3.   Effective January 1, 1996, the company adopted the Financial Accounting
     Standards Board Statement No. 121, Accounting for the Impairment of
     Long-Lived Assets and for Long-Lived Assets to Be Disposed Of.  The
     adoption did not have a material impact on the financial condition or
     results of operations of the company.




Item 2. Management's Discussion and Analysis of Financial Condition and
        Results of Operations

FINANCIAL CONDITION

              March 31, 1996 Compared to December 31, 1995


     Working capital remained relatively constant during the first three months
of 1996, resulting in a $41.8 million positive working capital position at
March 31, 1996 compared to $42.2 million at December 31, 1995.  Accounts
receivable growth was moderate during the period as increased revenue levels at
the end of the respective periods of comparison were mostly offset by
improvement in days sales outstanding, primarily at Yellow Freight.



                                       6


   7
FINANCIAL CONDITION (continued)

     Total debt remained essentially unchanged during the first three months of
1996, showing a $1.8 million increase compared to December 31, 1995 levels.
Bank credit line borrowings were used during the period to replace a portion of
the commercial paper borrowings.  Working capital and capital spending needs
were funded by a cash dividend from Canadian operations of $23.0 million.  In
April, the company received a federal tax refund of $45 million which was used
to pay down debt and improve the balance sheet.  Net capital expenditures for
the first three months of 1996 were $7.1 million.  It is anticipated that the
remaining net capital spending for 1996 will be approximately $57 million.


RESULTS OF OPERATIONS

          Comparison of Three Months Ended March 31, 1996 and 1995

     Yellow Corporation reported a net loss for the quarter of $14.3 million,
or $.51 per share, including a non-recurring charge to the income tax provision
of $6.7 million, or $.24 per share.  This compares to net income of $3.2
million, or $.11 per share, in the first quarter of 1995.  First quarter 1996
operating revenue was $741.7 million, down 3.0%, from the $765.0 million
recorded during the same period last year.  The loss, excluding the tax charge,
was $7.6 million, or $.27 per share, and was in line with Wall Street
expectations.
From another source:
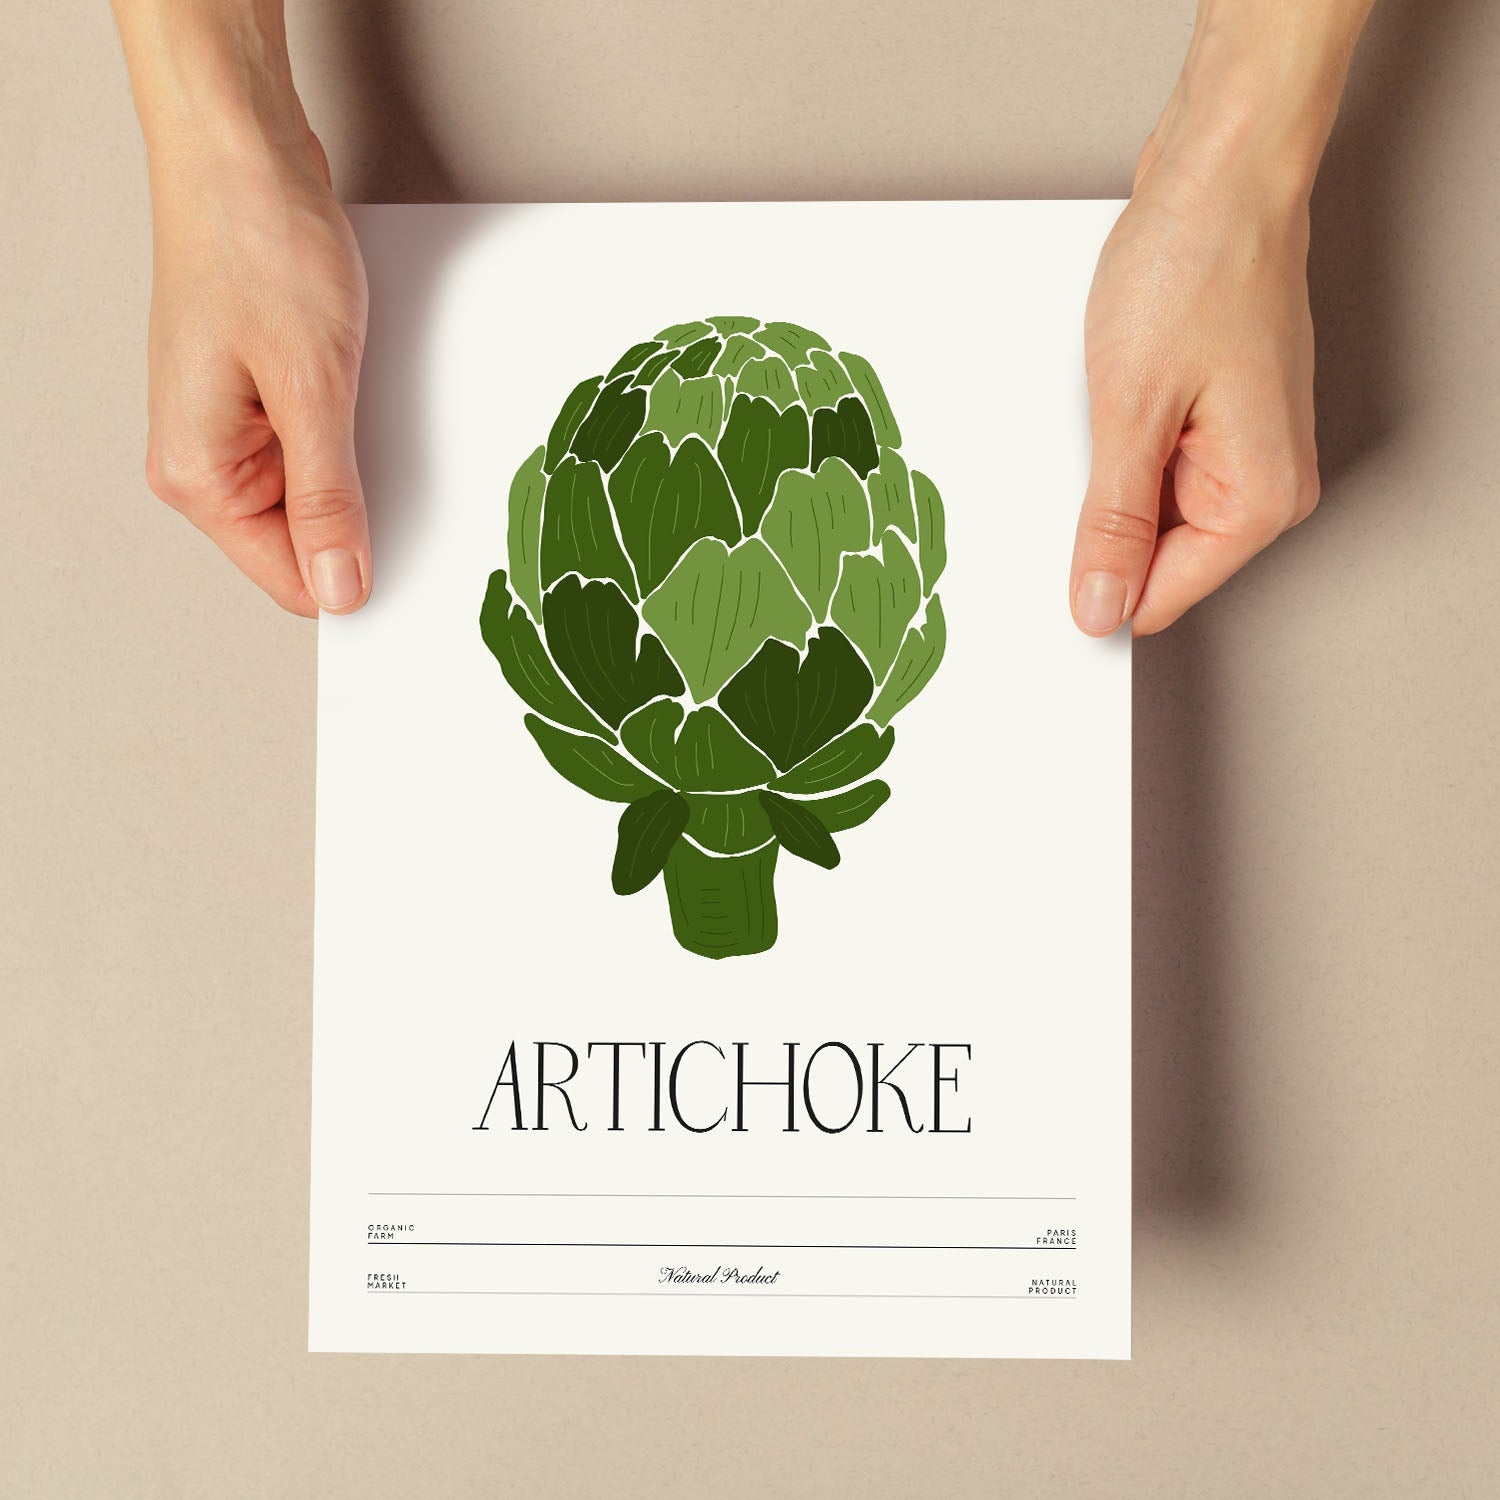 Artichoke-Artwork-Nacnic-Nacnic Estudio SL
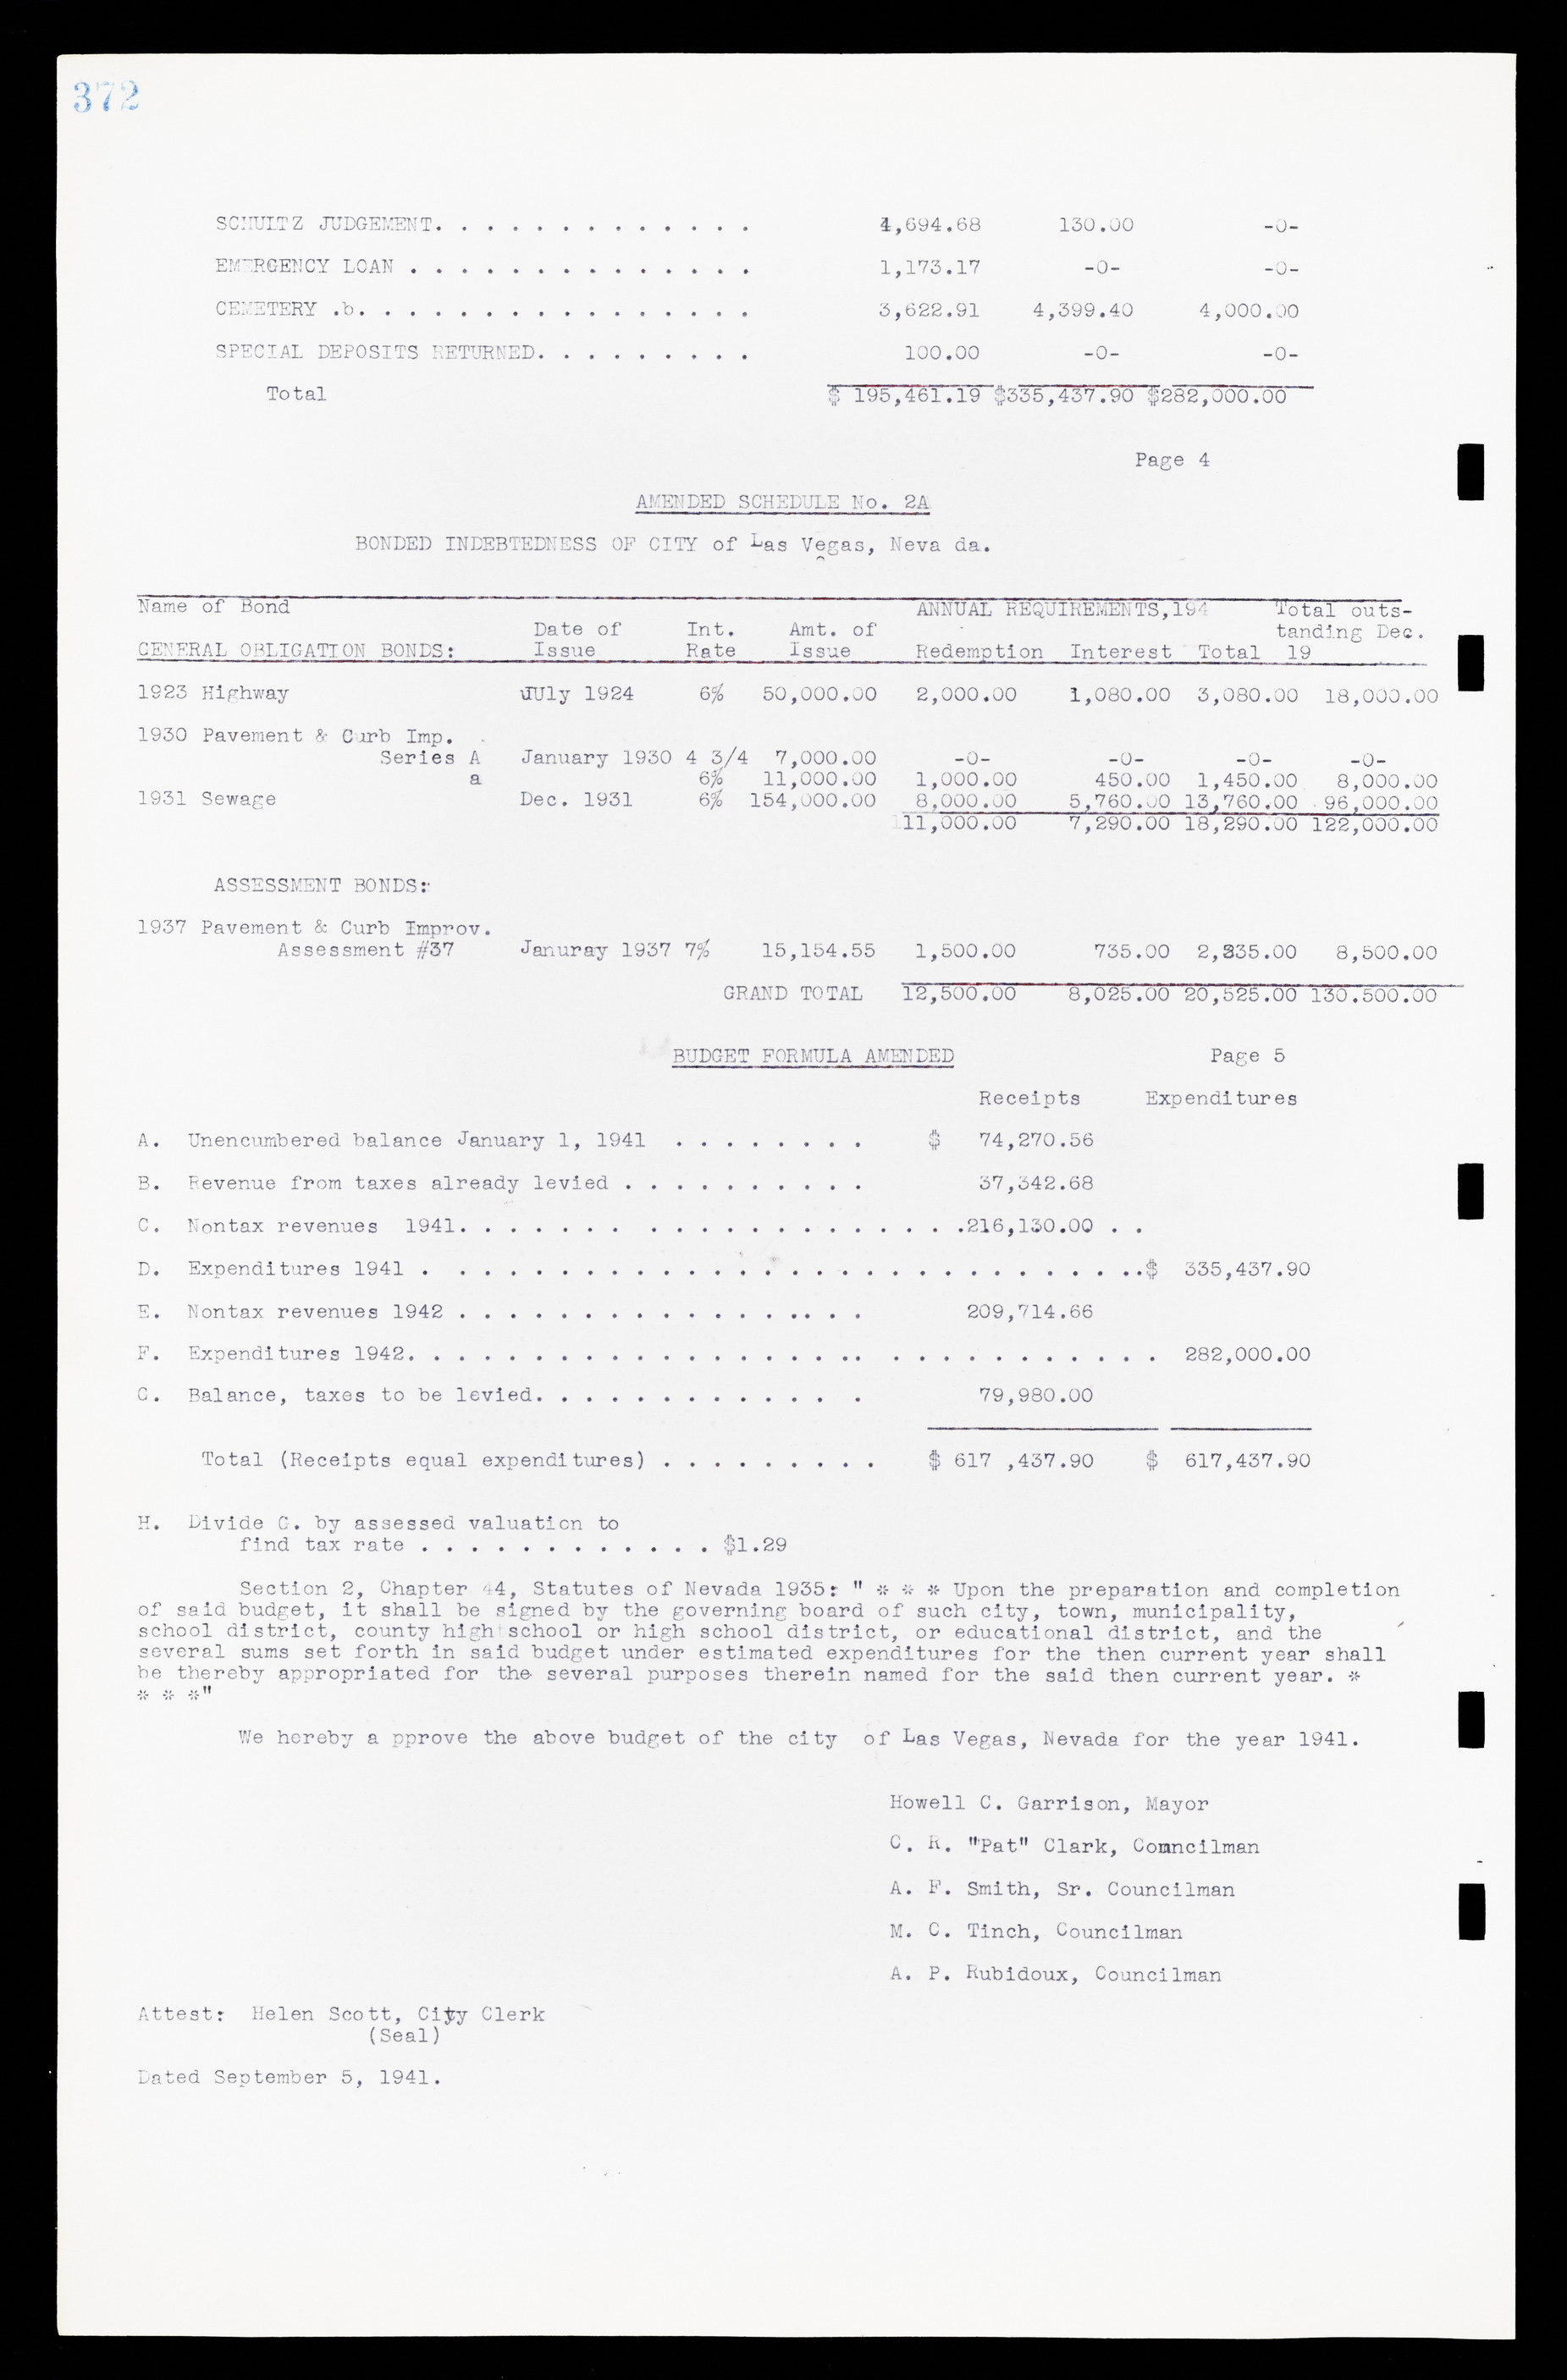 Las Vegas City Commission Minutes, February 17, 1937 to August 4, 1942, lvc000004-398

The tax charge resulted from a cash dividend from Canadian
operations of $23.0 million, which was used to pay down debt.

     Yellow Freight recorded operating revenue of $576.1 million in the first
quarter of 1996 compared to $592.0 million in the first quarter of 1995, a
decrease of 2.7%.  This decrease was caused mainly by a 1.6% decline in the
number of shipments handled and a 3.5% reduction in LTL tonnage.  Pricing
levels in the first quarter of 1996 were relatively static compared to the
first quarter of 1995 as a result of price discounting in 1995 that more than
offset the January 1996 rate increases.

     Yellow Freight had an operating loss of $2.3 million in the first quarter
of 1996 compared to operating income of $9.1 million in the first quarter of
1995. Yellow Freight's operating ratio of 100.4 reflects increases in fixed
costs, primarily the April 1, 1995 contract wage and benefit increases of 3.2%,
as well as costs associated with the series of severe winter storms experienced
in the first quarter of 1996.  Higher costs also resulted from a decrease in
the system load average attributable to a transit time improvement program
implemented in the third quarter of 1995.  Yellow Freight cost and pricing
improvement initiatives proceeded according to plan resulting in some margin
improvement.  However, first quarter benefits were more than offset by the
weather-related costs.  Additional cost improvement at Yellow Freight is
expected throughout the year even though contract wage and benefit increases of
3.8% went into effect April 1, 1996.

     Preston Trucking recorded operating revenue of $98.4 million in the first
quarter of 1996 compared to $103.4 million in the first quarter of 1995, a
decrease of 4.8%.  Decreases in the number of shipments handled

                                       7

   8
RESULTS OF OPERATIONS (continued)

and LTL weight/shipment caused the lower revenue levels.  Despite a January
1996 price increase, pricing levels in the first quarter of 1996 were
relatively static compared to the first quarter of 1995 as a result of price
discounting in 1995.

     Preston Trucking had an operating loss of $5.1 million in the first
quarter of 1996 compared to operating income of $1.7 million in the first
quarter of 1995.  1996 results include a 4.9% increase in contract wages and
benefits on April 1, 1995.  The relatively greater labor cost increase resulted
from a wage reduction program approved in 1994 whereby employees received the
contractual wage and benefit increases as well as a step-down in the wage
reduction from 7.0% to 5.0%.  During the first quarter of 1996, Preston
employees agreed to freeze wages in lieu of the standard contract increase
scheduled for April 1, 1996.  Preston's operating performance also suffered
extreme adverse impacts from the severe winter weather as its service area is
concentrated in the Northeast and upper Midwest, yet on-time service remained
superior resulting in continued market share gains.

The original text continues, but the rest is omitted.